● WORK ORDER
What you return should match the listing exactly, minus its images.

● DATA BELOW
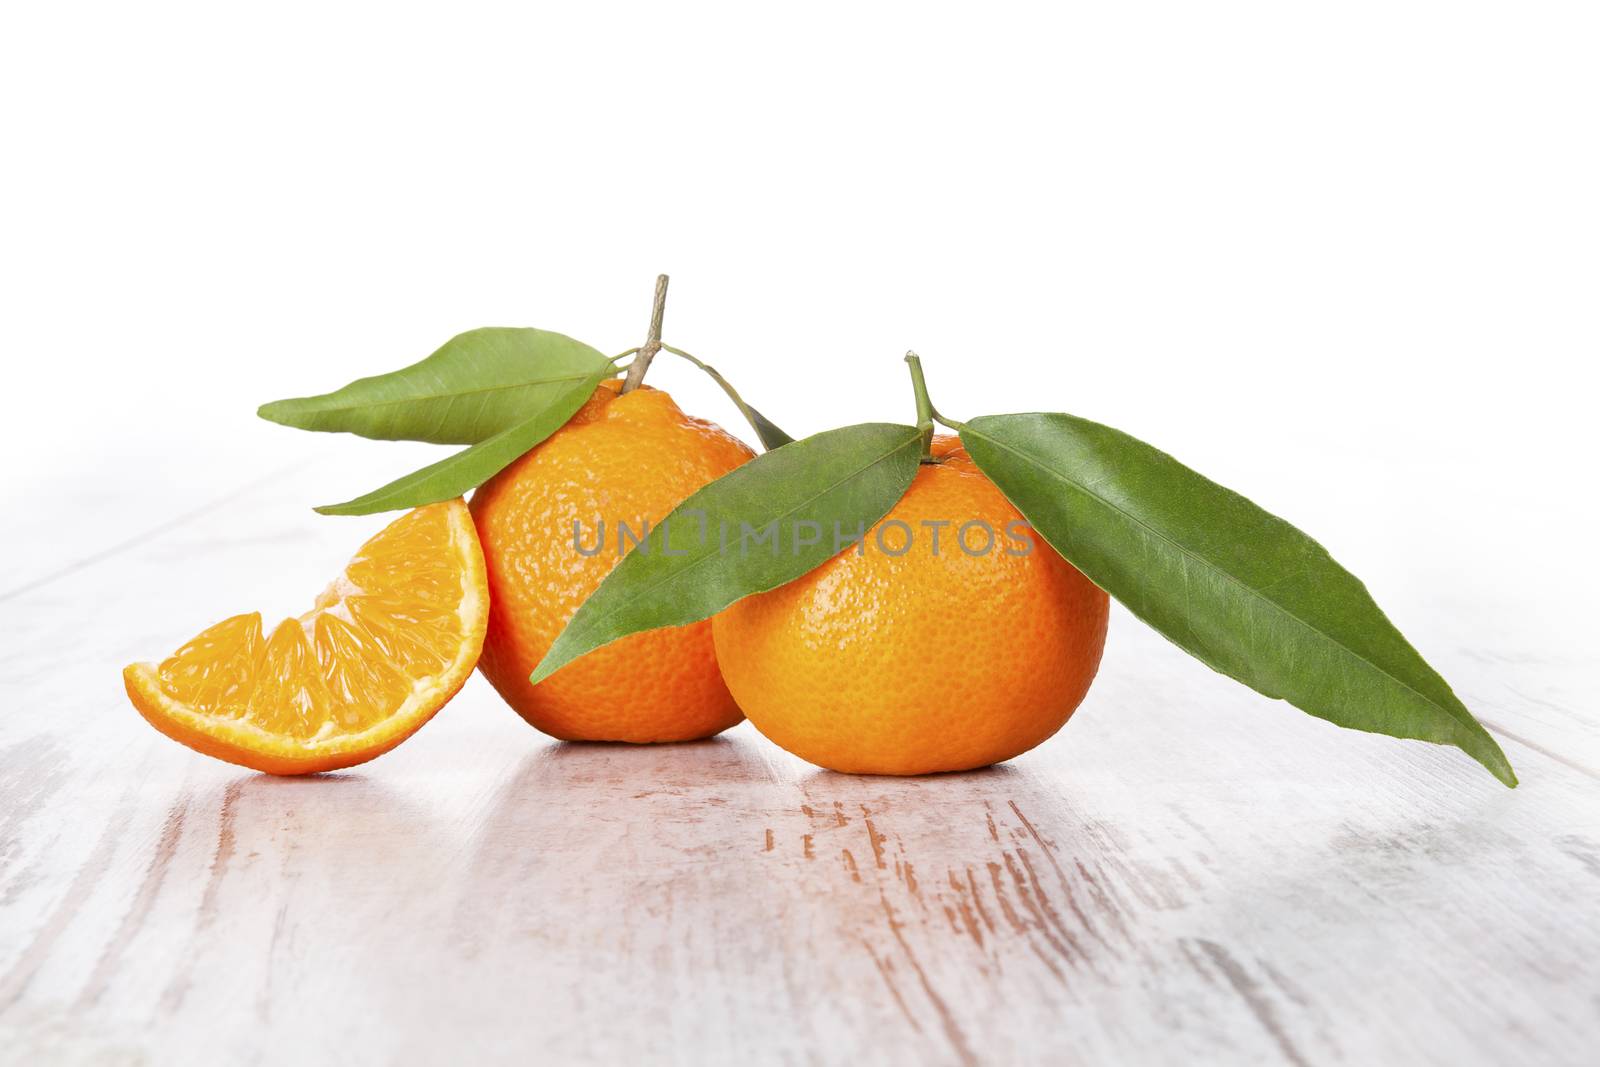 Mandarine fruit on white wooden table. Provence style.
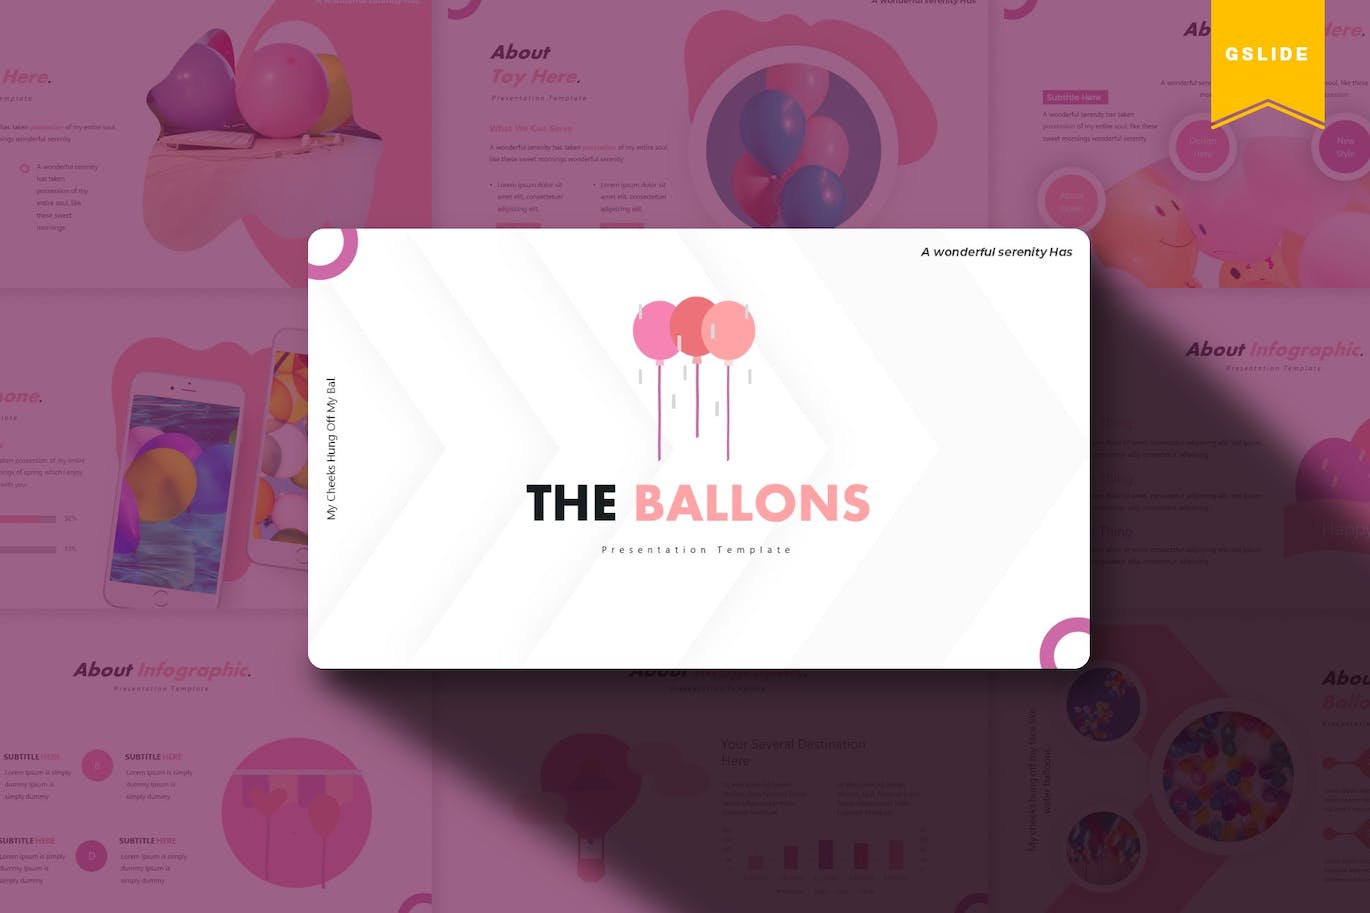 Bundle of images of amazing balloon presentation template slides.
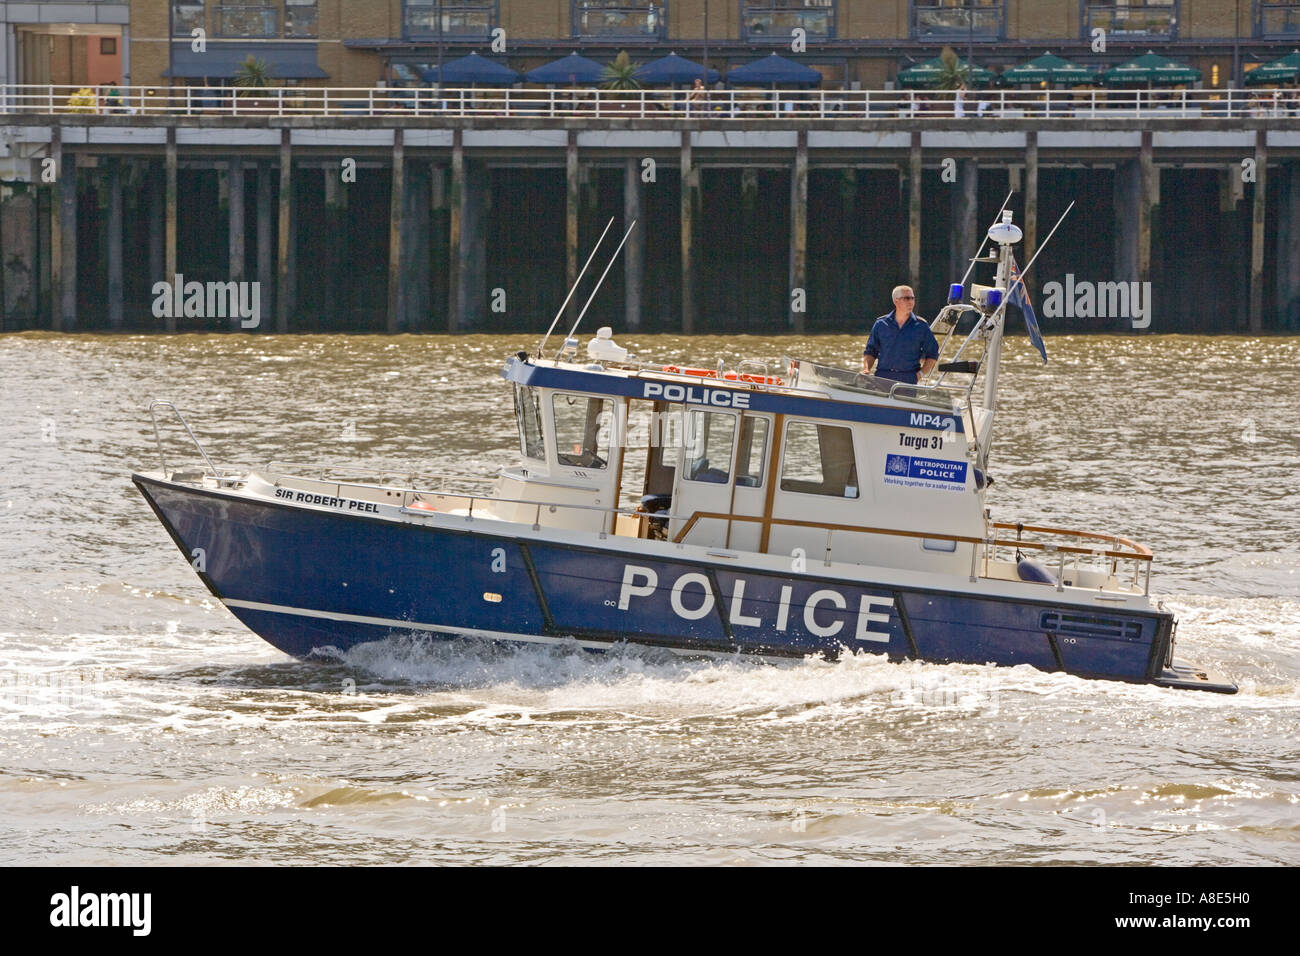 Police Patrol Boat 'Sir Robert Peel' on the Thames Stock Photo
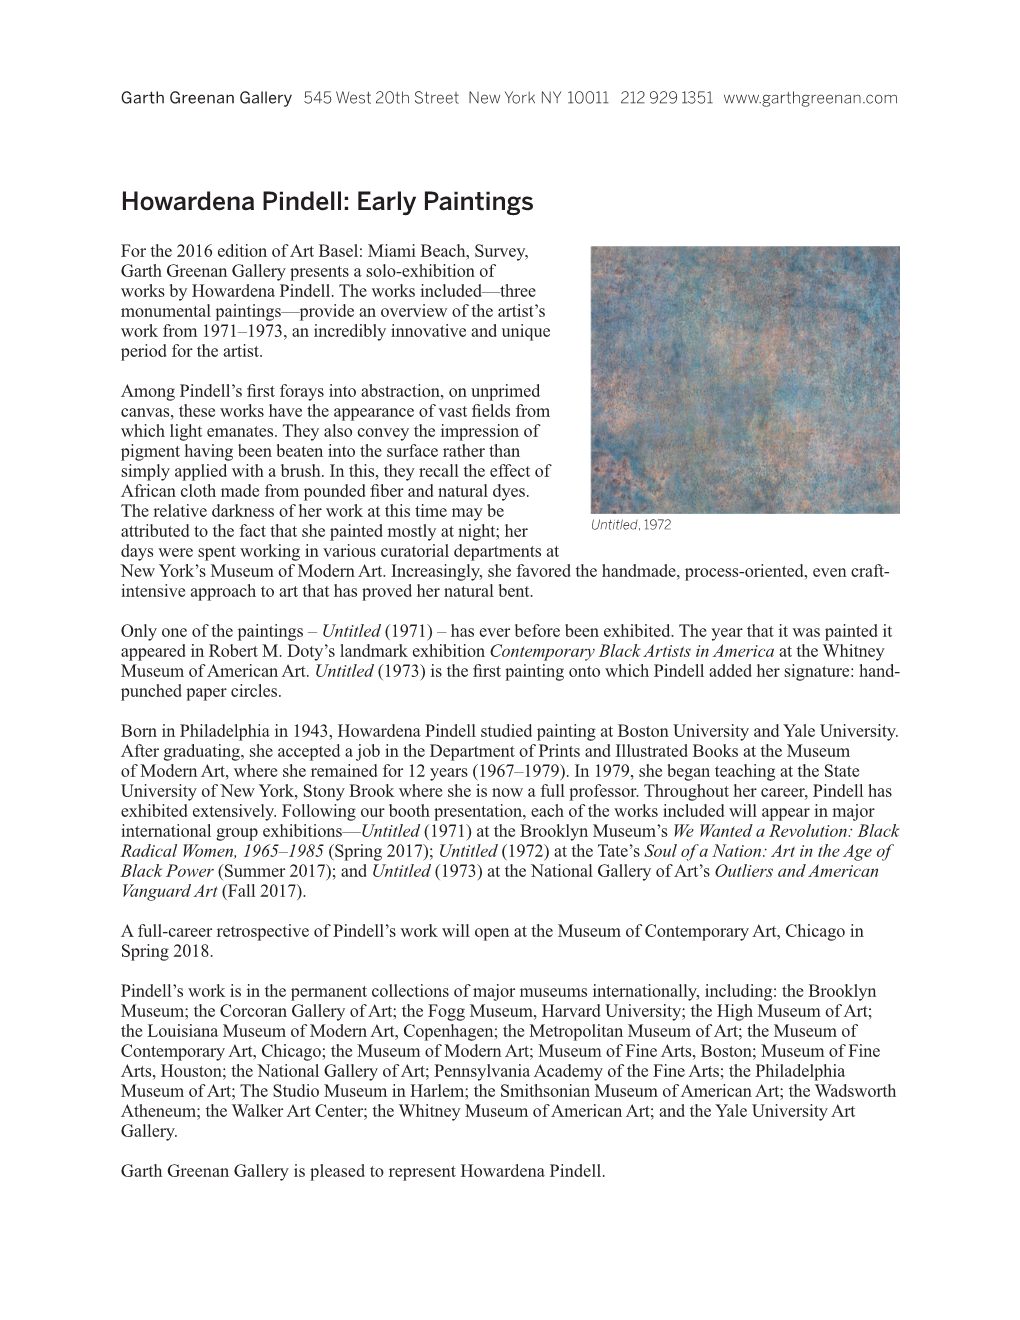 Howardena Pindell: Early Paintings

● RESULT FOR THIS TASK
 Mandarine fruit on white wooden table. Provence style.
 Bundle of images of amazing balloon presentation template slides.
 Police Patrol Boat 'Sir Robert Peel' on the Thames Stock Photo
 Howardena Pindell: Early Paintings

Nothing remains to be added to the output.